By Molly T. Marshall
An online firestorm has erupted following the Isla Vista killings. This past Friday night a 22-year-old man enacted his “Day of Retribution” by killing six and leaving seven injured. He intentionally targeted women. His express reason for the massacre was to prove himself an “alpha male” and take revenge on all the “sluts” who had rejected his sexual advances.
This is far from the first example of a young man claiming sexual frustration as justification for violence against women. Laurie Penny in the New Statesman, an online commentary site, notes several other examples of what she calls “misogynist extremism” — men killing women because their sense of entitlement as to what women “owe” them has not been satisfied.
Feminism is blamed by many of these raging men, and they commend one another for their violent actions. Feminism is caricatured as “men-hating,” and thus one of these disturbed men can write:
All I ever wanted was to love women, and in turn to be loved by them back, Their behavior toward me has only earned my hatred and rightfully so! I am the true victim in all of this. I am the good guy. … I didn’t start this war.
Feminism does challenge the conviction some men hold of their “birthright of easy power,” as Penny puts it.
Many younger women distance themselves from the word, fearing that embracing the loaded term would diminish either their femininity or prospects for marriage or employment. They perceive feminist concerns as a zero sum game: if women are empowered, then men are disempowered. In a recent interview with Time magazine, actress Shailene Woodley (22) was asked if she considered herself a feminist. “No, because I love men, and I think the idea of “raise women to power, take the men away from the power ….”
Obviously the term has gone through generational permutations, but the central focus of feminism remains equal dignity, opportunity and human rights for women. Around the world we hear that granting educational access to women is the best thing for the larger community. Educating girls has significant economic and social consequences — for the good.
A gathering of Baptist professors at Mercer this past week used the lens of gender and feminism to assess what is going on in theological education and congregational life. While we celebrated gains in the employment of women in seminaries and as pastors, we acknowledge significant work yet to be done to accomplish full inclusion of women in our schools and the subsequent employment of female graduates.
Having been around for a while in this fray, I marveled at having a session devoted to these concerns. I also felt chagrin, realizing that moderate/progressive schools think that the contested issue of women in ministry has been resolved.

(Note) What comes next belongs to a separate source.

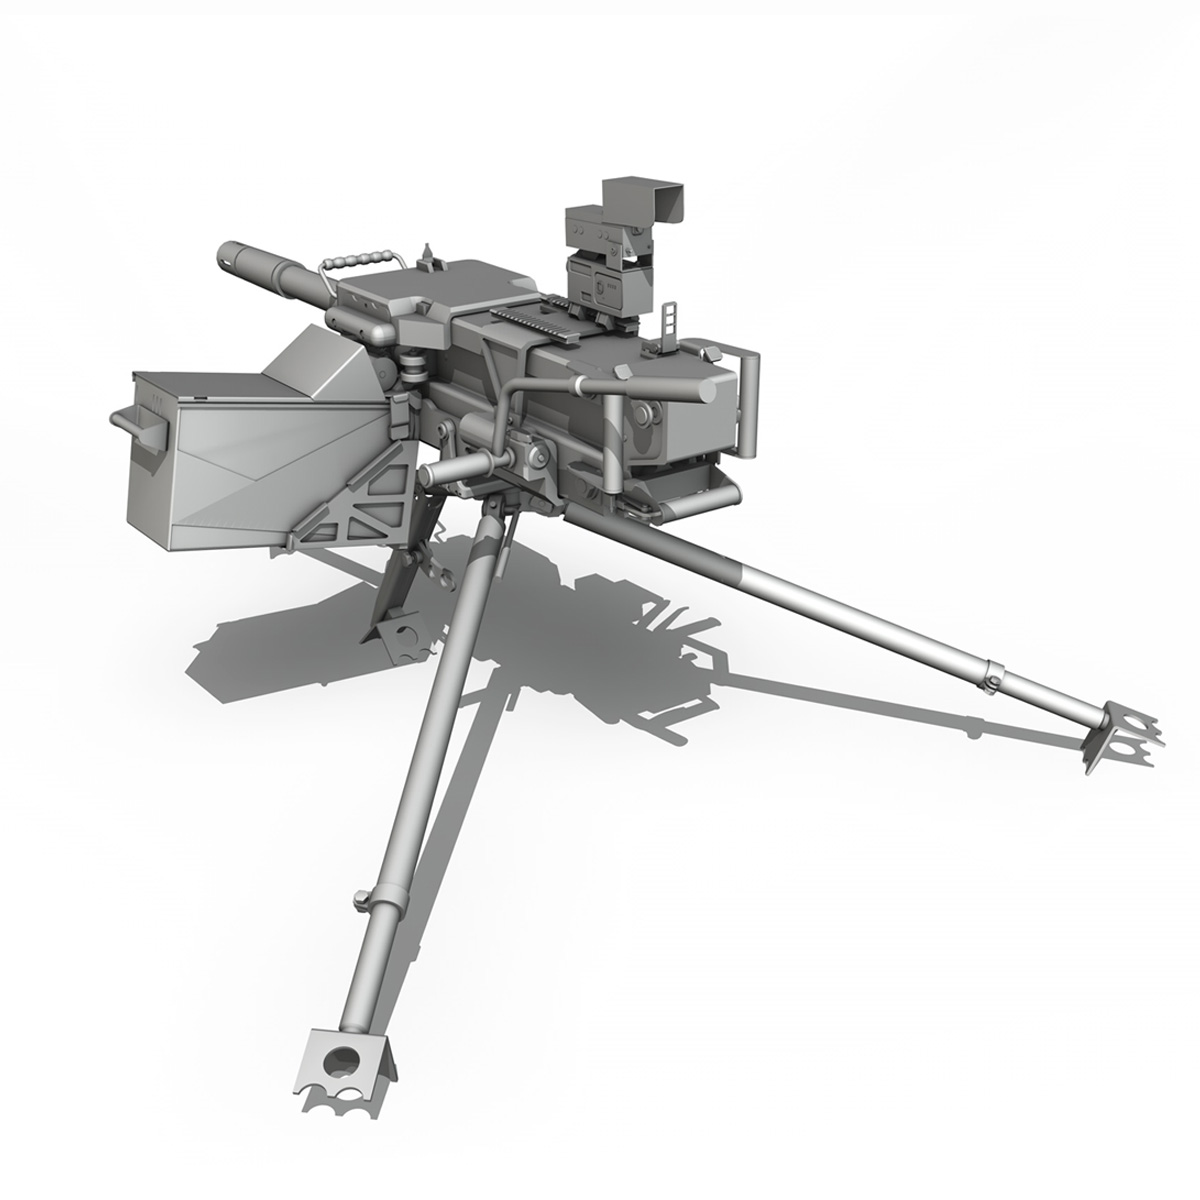 40mm qumbara pulemyotu gmg 3d model c4d lwo 3dm obj 264299

Women as subjects of theological education have made remarkable strides since the early ’70s — both as students and then scholars — yet this has been more prevalent in mainline Protestantism than among Baptists. I find this ironic since our theology of the priesthood of believers and local church autonomy provides the logical context to call women to leadership.
Feminism has not been a popular word among Baptists! I remember a student asking me, after a year of theology courses at Southern, “Are you a Christian first or a feminist first?” I was tempted to use the language of Jesus, but thought it irreverent. “Have I been so long with you and you do not know me?”
I became a feminist not by reading Betty Friedan and Gloria Steinem but by reading the Apostle Paul, who offered the magna carta of Christian freedom: “… there is no longer male nor female; for all of you are one in Christ Jesus” (Galatians 3:28). He did not mean, obviously, that we cease to be gendered humans; rather, he meant that religious privilege in patriarchal structures was coming to an end.
We cannot understand Baptist identity over the past several decades without paying attention to “women’s entry into leadership and ministry,” as Dr. Eileen Campbell-Reed has contended. I believe that the fear of women’s leadership was a galvanizing element in the conservative resurgence, and it prompted a highly selective reading of the “inerrant” Bible.
Feminism is still perceived as threatening and remains on the margins of most curricula, yet clearly the analysis this perspective provides can reveal how fundamentalist rhetoric on the role of women is chaotic and determined by a hermeneutics of convenience and protracted control. Keeping silent about this makes us complicit in oppression.
Thankfully, there are men who gladly bear the title of feminist. Glad to share power with women, they have the privilege and responsibility of being advocates and, in many instances, gatekeepers of access, for which I am grateful.